Approx 766M shares on issue
FY 2013
Massive write offs in done
Production lower than year before
5 year plan out window...no 3M or 3.5 M produced as once dreamed about
Costs ways higher than forecast last year and over the last 5 years
All in sustaining costs 1283AUD/OZ for the group
Credit ratings downgrades, not far off junk
Took on Billions in USD debt and increased gearing significantly despite thinking they wouldn't need
Production downgrades through the year, like the previous
EPS fell significantly as did the share price
Underlying earnings after write downs $451M
Final Div cancelled
Moving Forward
FY 2014
Guidance 2M-2.3M OZ , targeting reliable , consistent production after missing its own plans for years
Targeting all in sustaining costs $1200AUD , IE a reduction of 83/OZ AUD by firing people, better technology, better grades, firing workers, pay freezes for executives
Group Cash flow positive at $1450AUD POG , this is important, IMO , with its poor credit rating, high debt, if it isn't free cash flow positive it isn't going to reinstate dividend, the banks are not operating in a 2007 environment
FY2014 Base Case Company Numbers
Production 2-2.3M OZ
All in Sustaining Costs (AIC)targeting 1200/ AUD/OZ
Forecasts based on $1400USD GOLD PRICE
Copper 3.3/ USD/ P
Silver price 22/USD/OZ
FX rate 96 cents to USD
OIL PRICE WTI 95 USD/BOO
So those numbers needs to be the averages for the year for NCM to make its own forecasts, but as its unhedged and a price taker, fluctuations in those base numbers can affect its EBIT.......

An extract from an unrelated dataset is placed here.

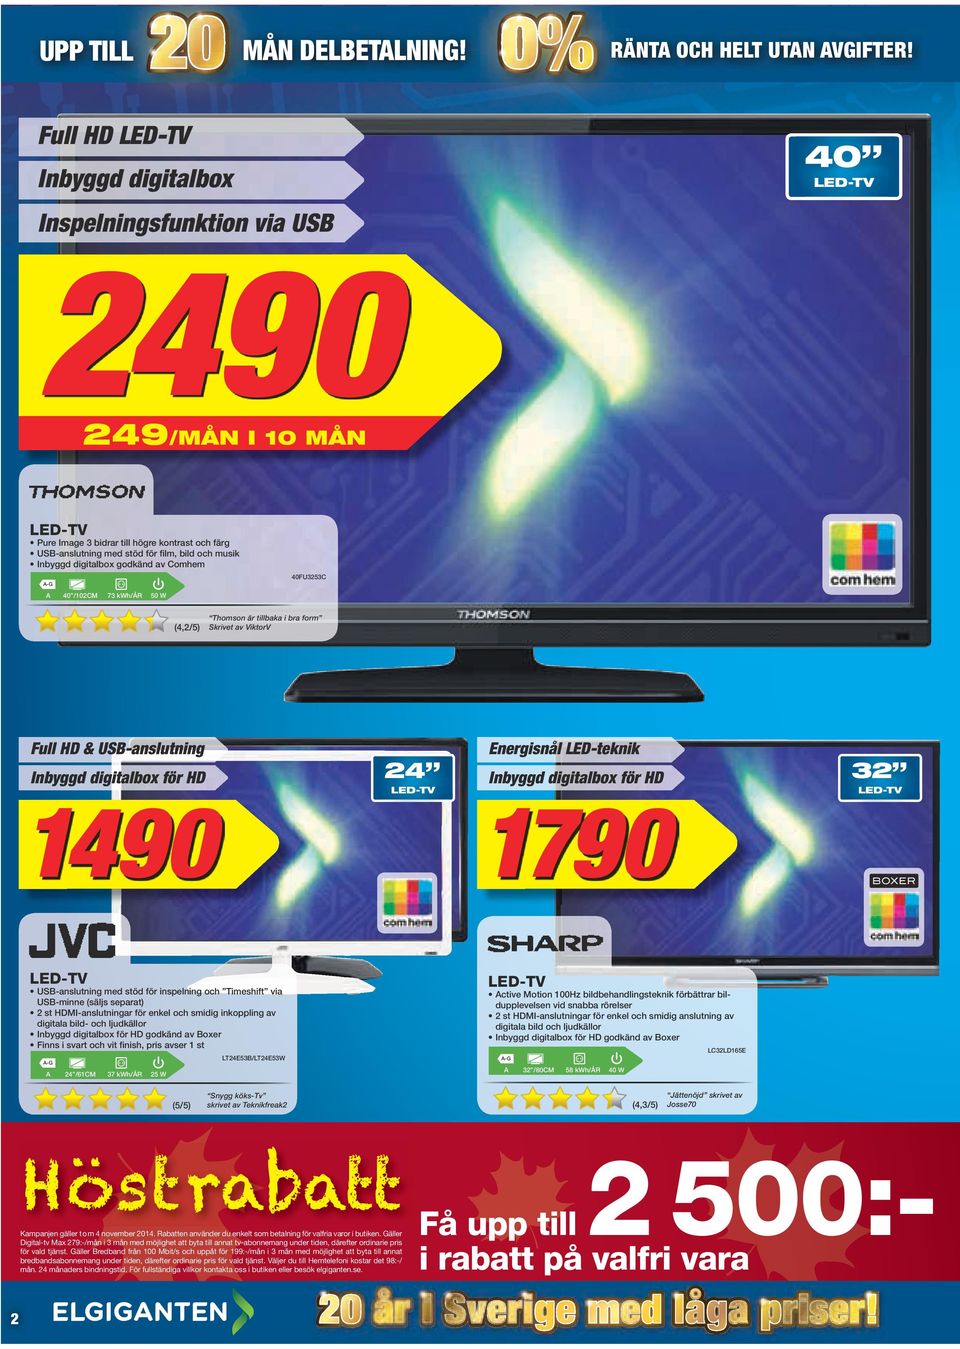 Inbyggd digitalbox godkänd av Comhem A 40 /102CM 73 kwh/år 50 W 40FU3253C (4,2/5) Thomson är tillbaka i bra form Skrivet av ViktorV Full HD & USB-anslutning Inbyggd digitalbox för HD 24 LED-TV

NCM FY 2014 price sensitivities table below, if you punch todays prices in there, you can see that if the prices remained the same there would be a big impact on EBIT earnings on its own forecasts of -$164,120,000AUD......
todays numbers, sensitivity example of potential changes to EBIT
that is caused by GOLD 1400USd being below its forecasts, copper being the same, silver being a bit lower than forecasts, FX AUD being good 1.5cents below forecasts, Oil being way above......
So one can see, its not simply about the change in Gold price, other things like FX or changes in oil can really affect potential profits
FY 2014 Targets
We know from their announcements
Group free cashflow positive at 1450AUD is their budget
All in costs,,,last year 1283AUD ,but targeting $1200AUD/OZ
Production 2-2.3M OZ
FY 2013 profit to beat - underlying 451M AUD
So a simple EBIT AUD model based on the following assumptions
1 They achieve their production forecasts
2 They achieve a reduction in all in costs to produce across the group at $1200 AUD/OZ
(before any application of some of price sensitivities) based on todays GOLD price in AUD)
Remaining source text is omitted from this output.